Hugh Taylor: Do you feel that the current set of frameworks and laws and regulations and security policies are adequate to address the threats that the country faces?
Stewart Kantor: Not yet. Many industrial companies and utilities are getting conflicting messages. For example, a publicly traded utility has to balance the needs of many stakeholders including its shareholders, customers, management, federal, state and local regulators. You must maintain secure networks, but cost is critical too. You want to prevent pushing utility rates up too much. Our country runs in a very decentralized fashion. There’s so many systems involved. Take the electric grid for instance, which is created from thousands of different utilities. There’s many different actors in some of these networks, so it requires that they all work together for the distribution of electricity. The systems are becoming much more complicated just because of technology in its own right is driving some of the complications and it’s becoming increasingly difficult to have a good handle on them since they’re evolving quickly. We’re still human actors and have an insatiable appetite for moving faster and doing new things – it’s not in our nature to try and slow ourselves down. It’s the same drive that we see when we find some new application for our phones. We often say to ourselves , “Oh, I’ll just try that out, whatever it is. Looks kind of cool and it’s got a couple of nice ratings, I’ll download it to my phone.” Meanwhile we don’t stop to consider the cyber threats or the vulnerabilities we could be opening our phones and information to.
Hugh Taylor: Right, and if you have a bring your own device policy, then you might connect that phone to your corporate network.

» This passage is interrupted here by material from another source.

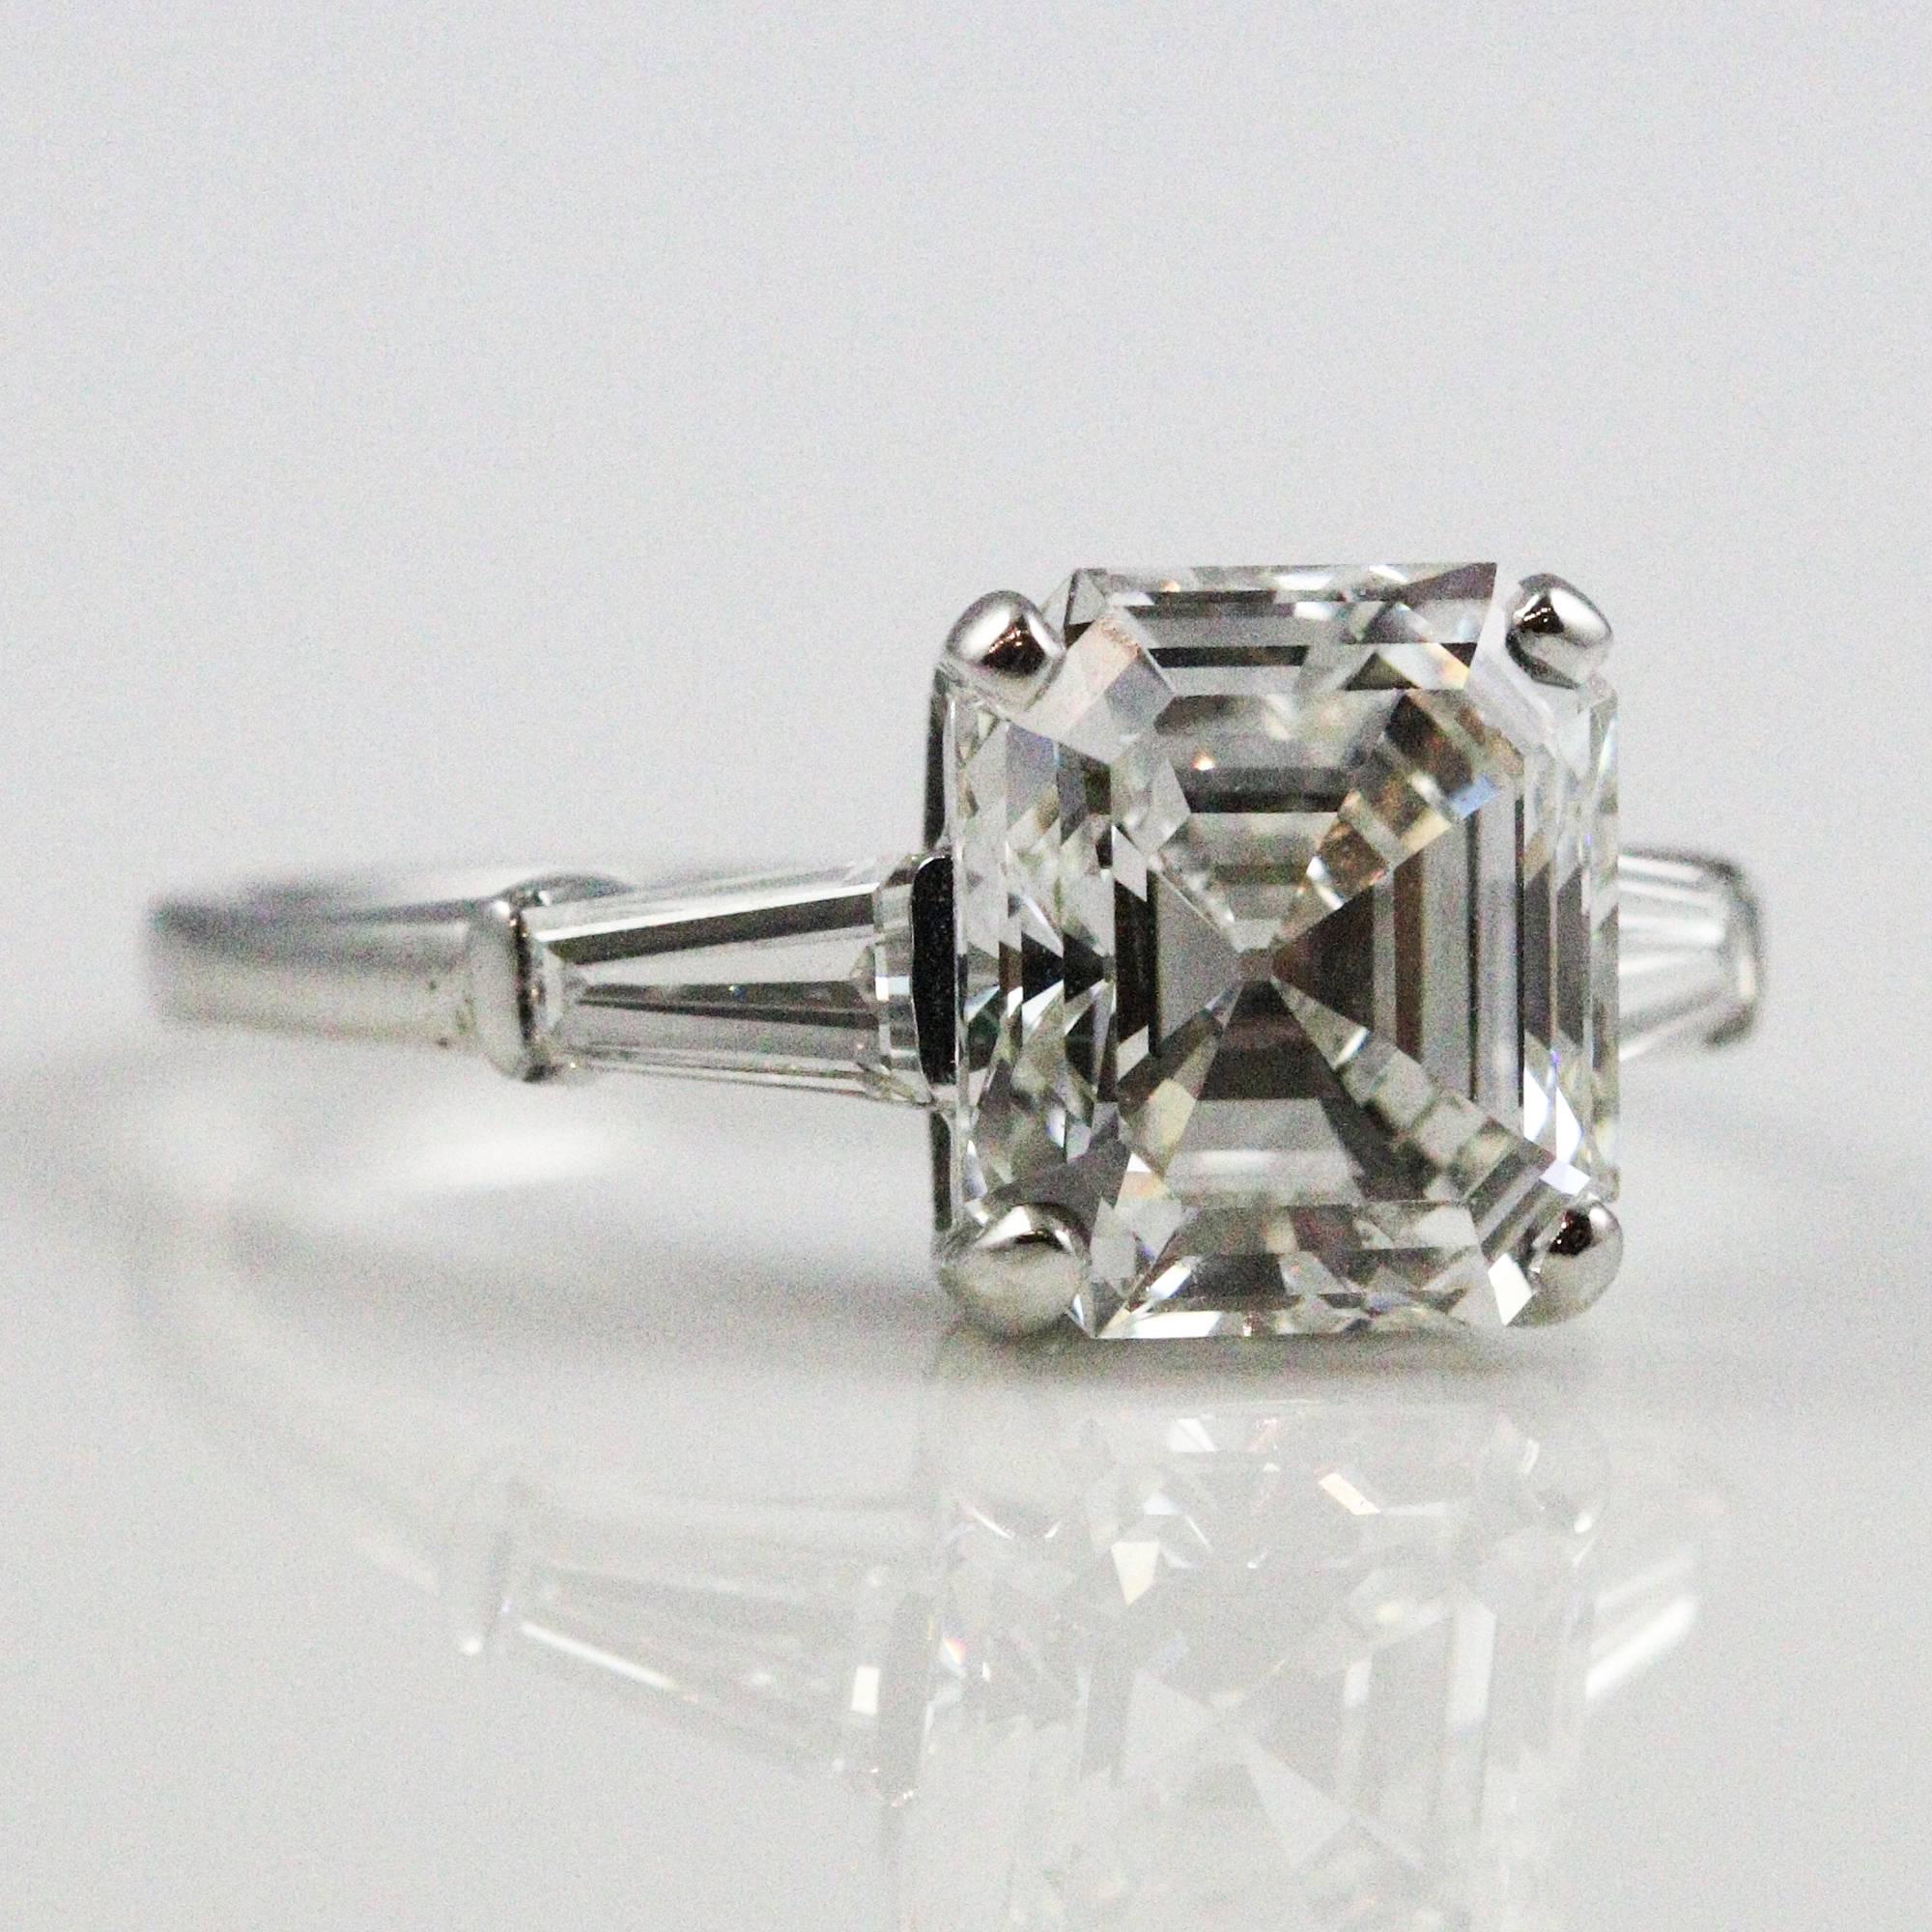 Women's Magnificent 3.87 Carat GIA Certified Emerald Cut Diamond Ring
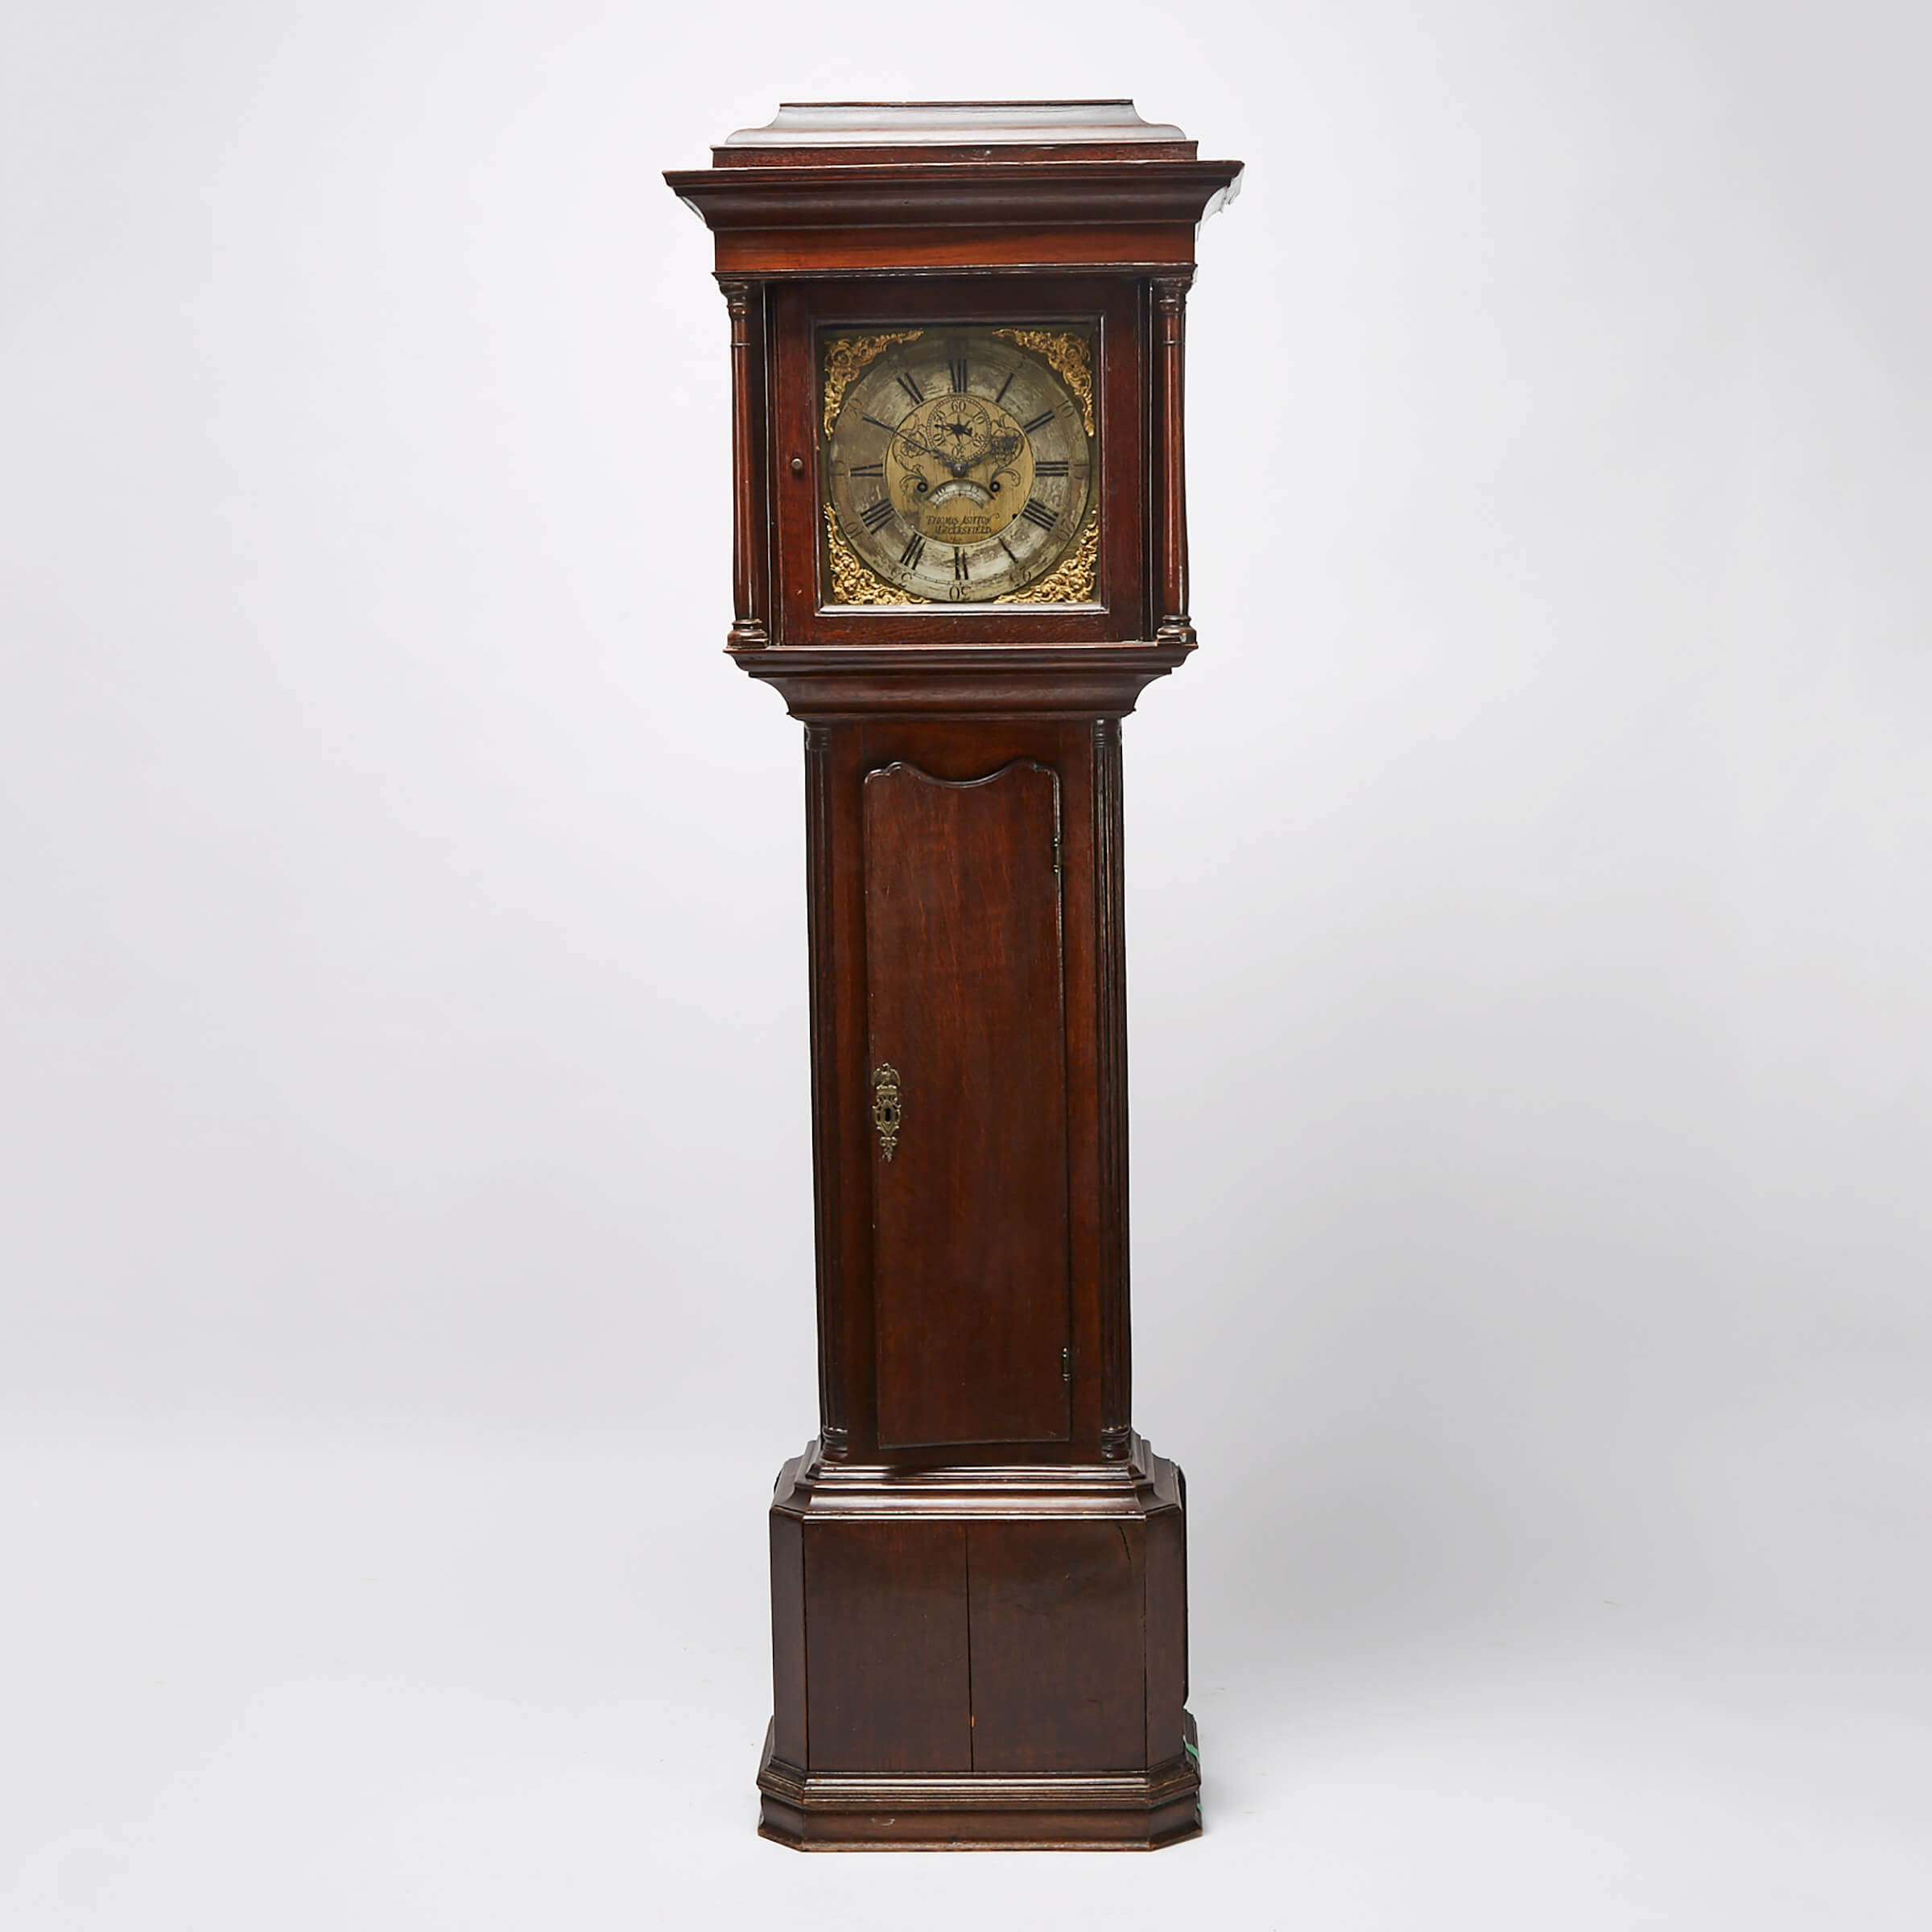 English Oak Tall Case Clock, Thomas Ashton, Macclesfield, 19th century

Stewart Kantor: There’s pressure on being efficient, working and being available all the time so you may have five or six different devices that you work from. This then begs the question, do they all have their VPNs turned on or are you saying to yourself, “Oh well, I can’t get it through the corporate network so I’ll send it from Gmail?” These concerns go on and on and disasters are what seem to initiate any sort of change. Even then they don’t always last that long because many people immediately revert back to the old ways after the disaster has subsided. It is a cycle that we need to get ahead of.